- **DATASET EXTRACT**
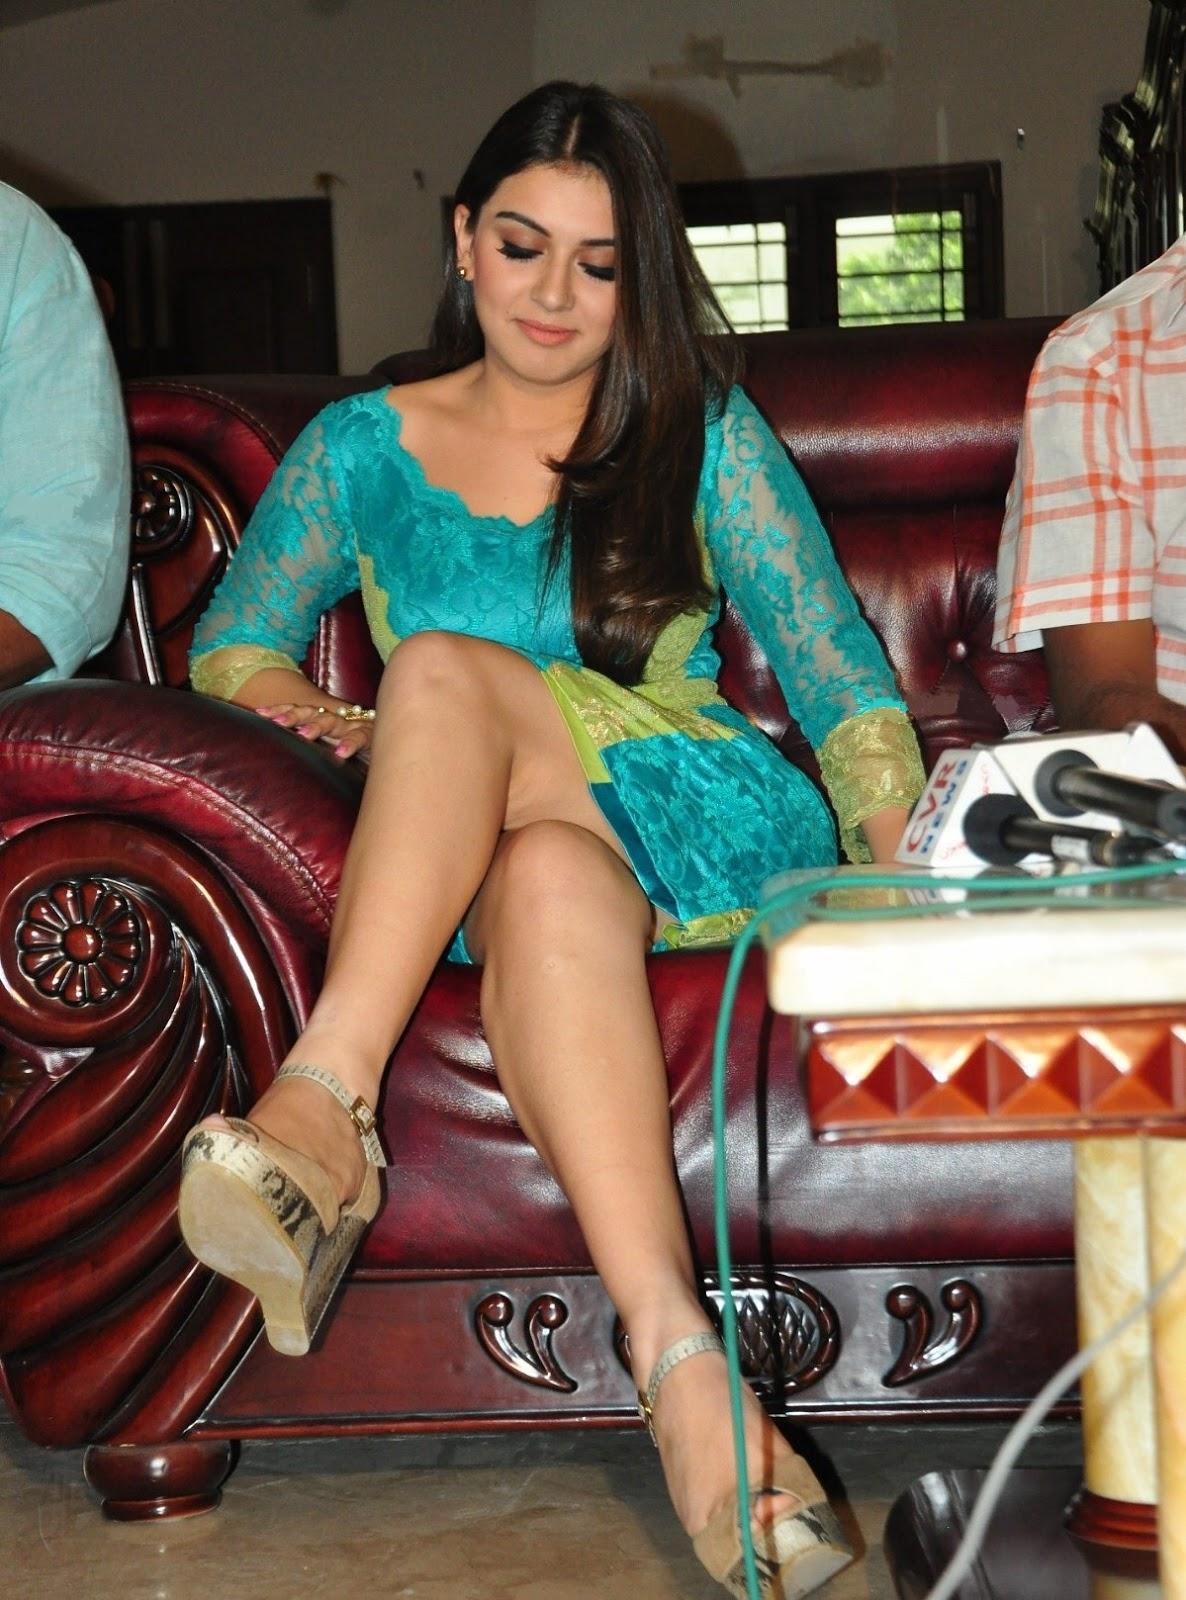 Glamours Tamil Actress Hansika Motwani Milky White Thigh Show In Short Green Dress
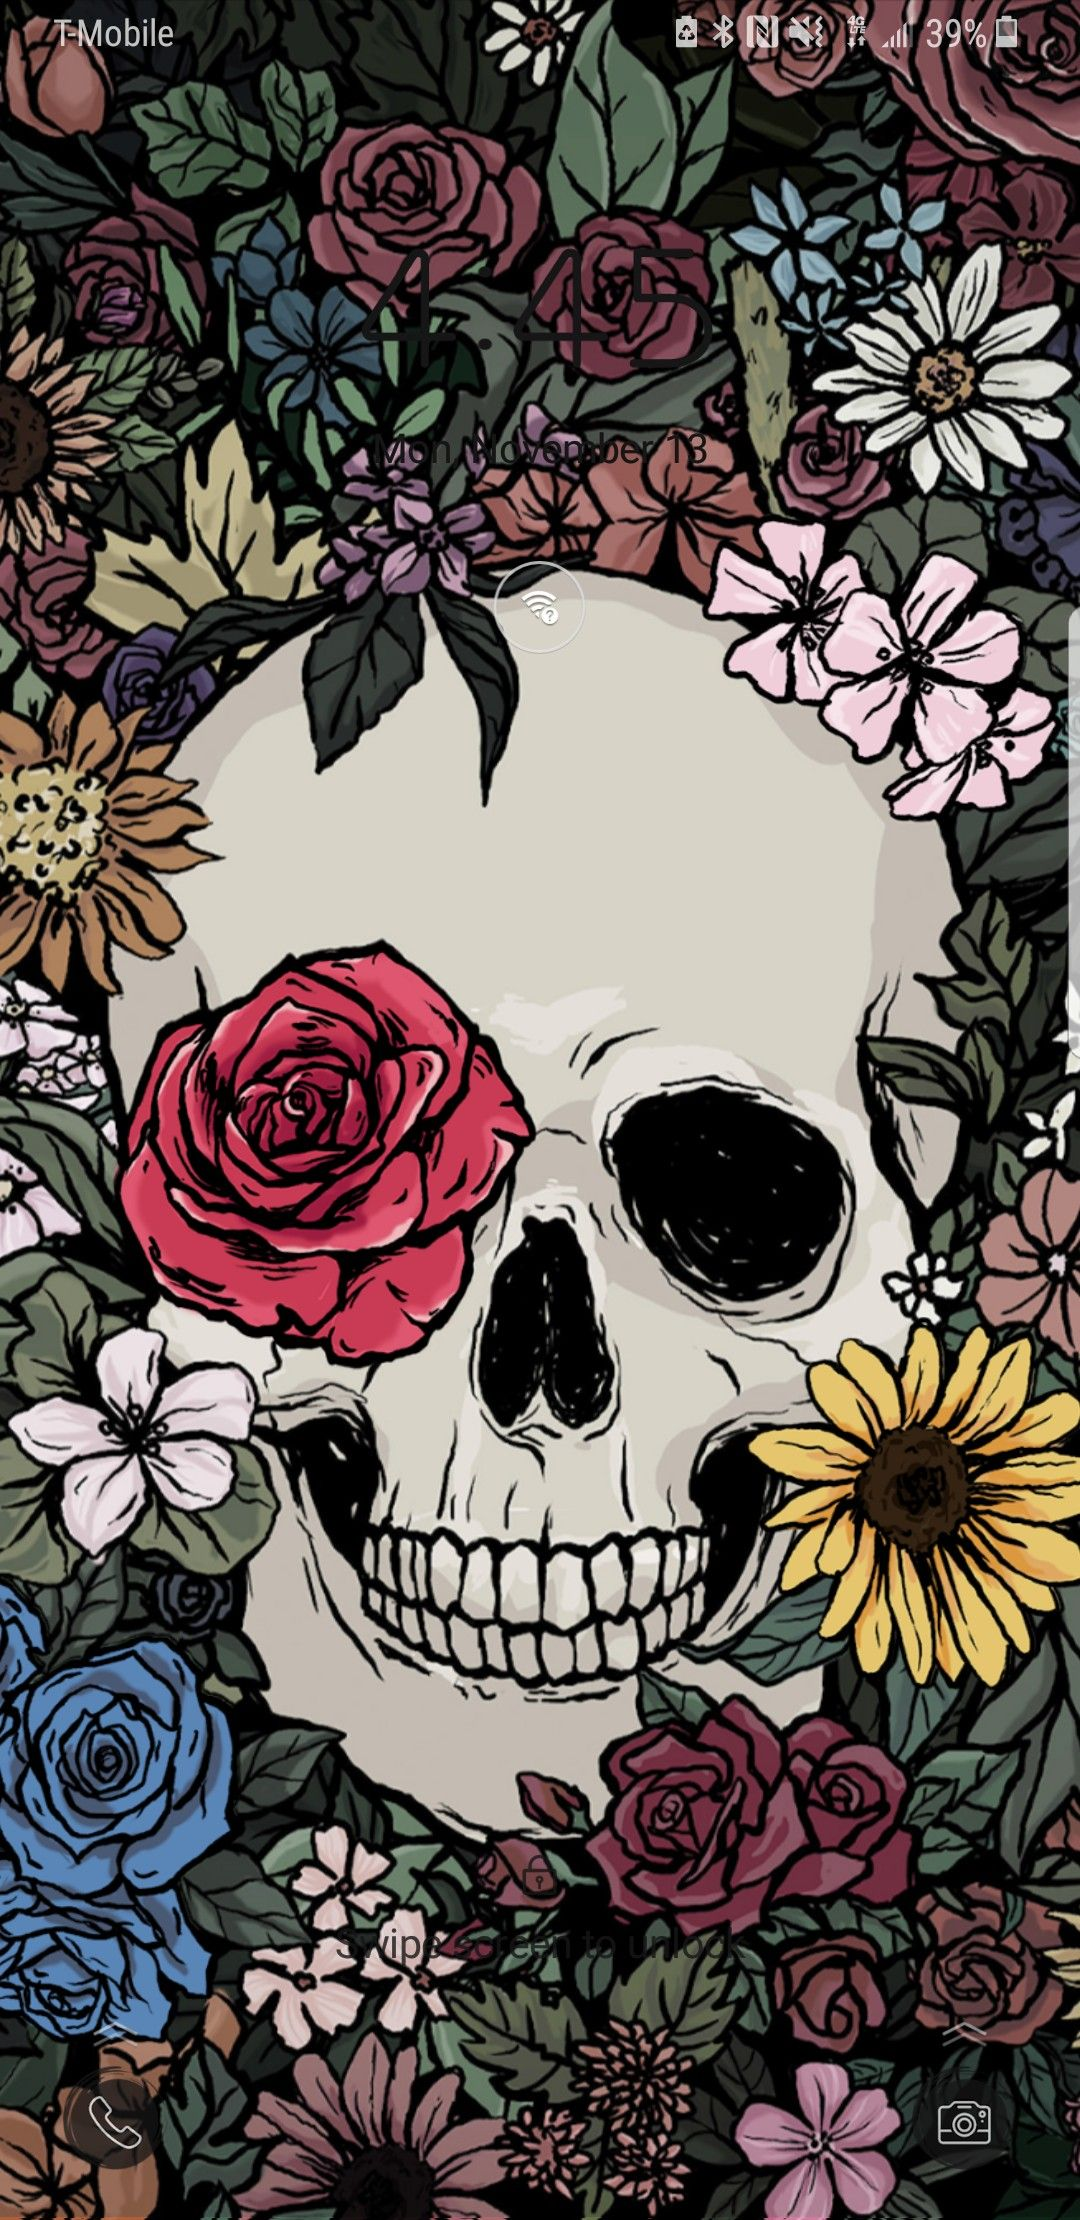 Calavera Skull Wallpaper Skeleton Art Drawings
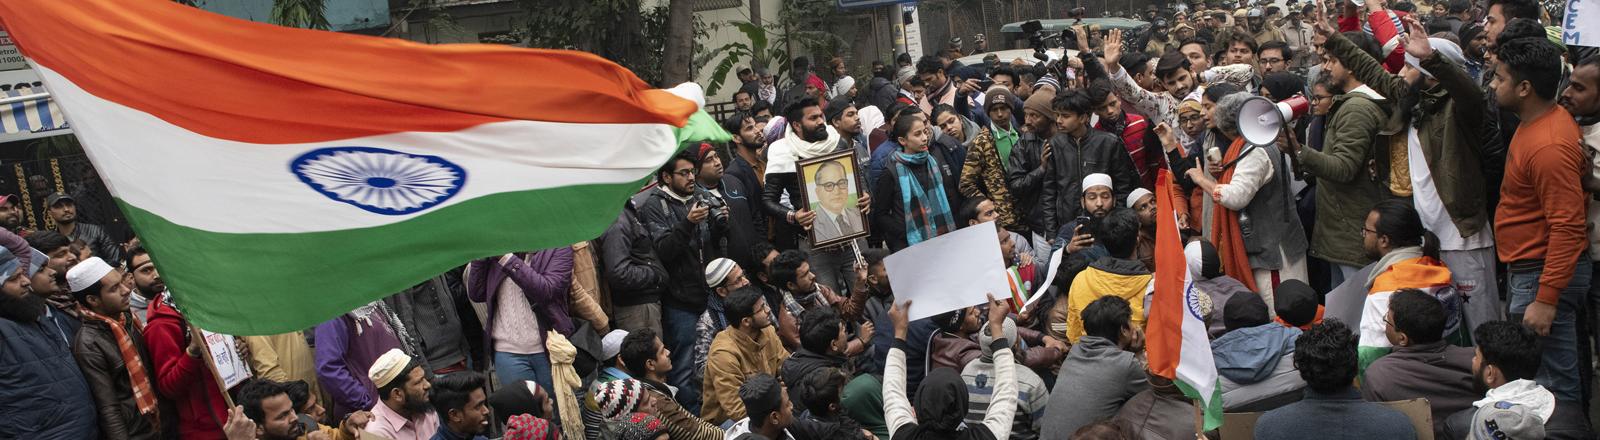 Protest in Neu Delhi am 19. Dezember 2019
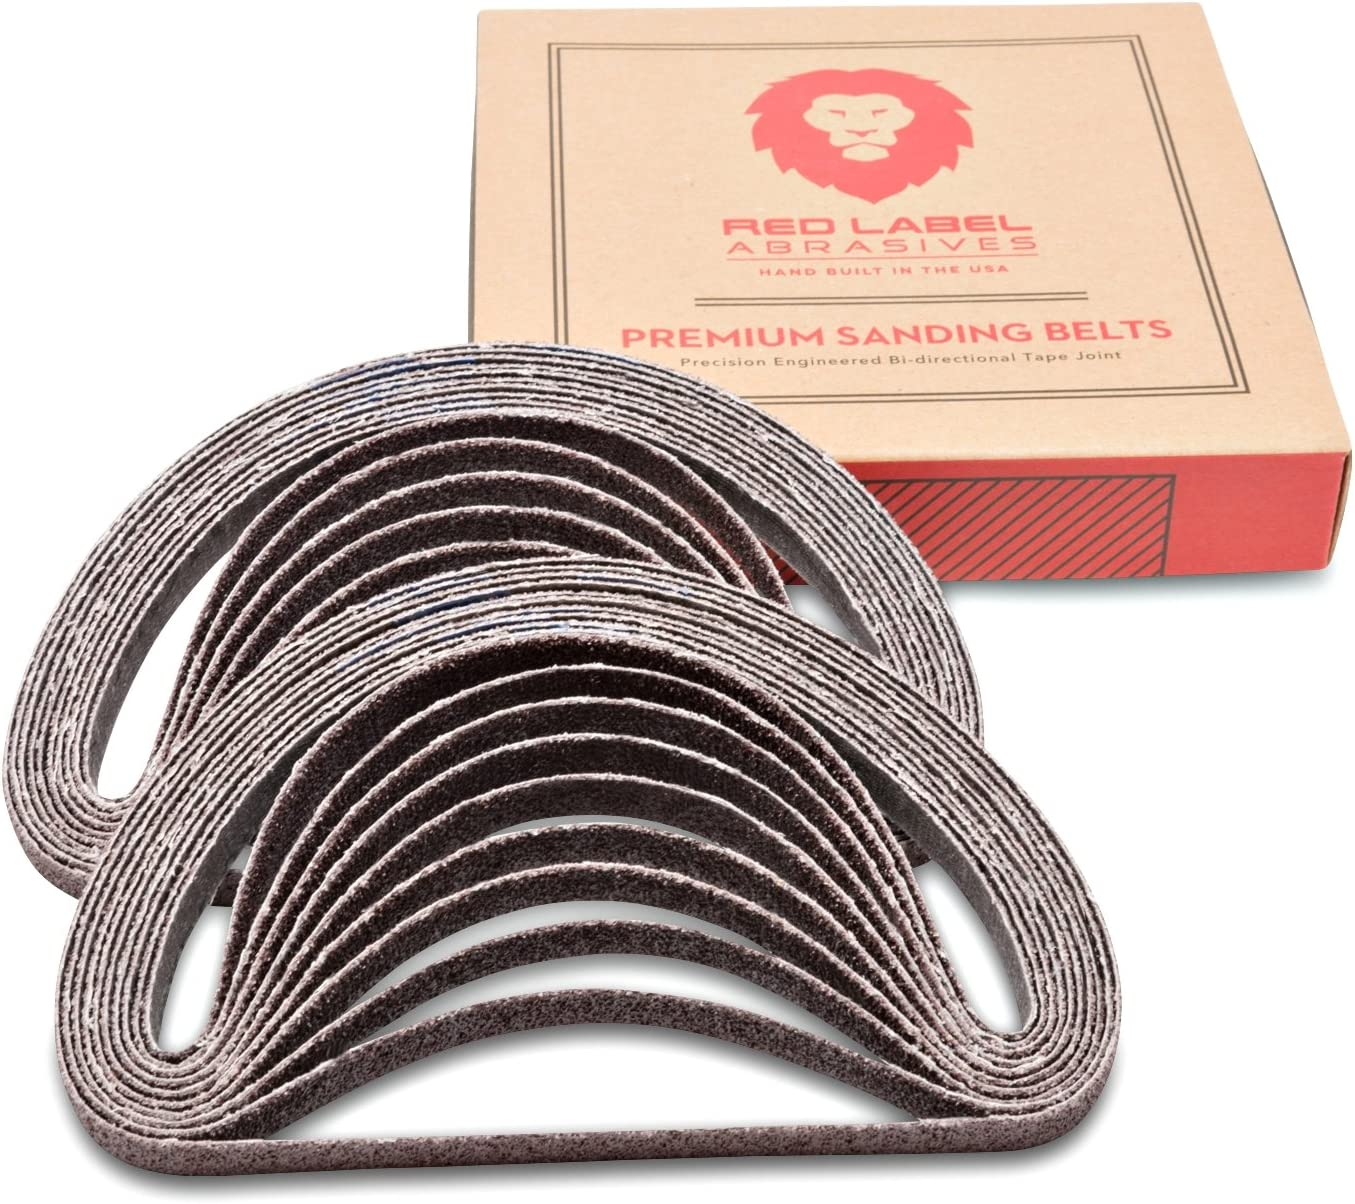 1/2 X 18 Inch 36 Grit Aluminum Oxide Air File Sanding Belts, 20 Pack

- **EXERCISE DETAILS**
Down to the last line, print the material exactly, but not its pictures.

- **RESPONSE**
 Glamours Tamil Actress Hansika Motwani Milky White Thigh Show In Short Green Dress
 Calavera Skull Wallpaper Skeleton Art Drawings
 Protest in Neu Delhi am 19. Dezember 2019
 1/2 X 18 Inch 36 Grit Aluminum Oxide Air File Sanding Belts, 20 Pack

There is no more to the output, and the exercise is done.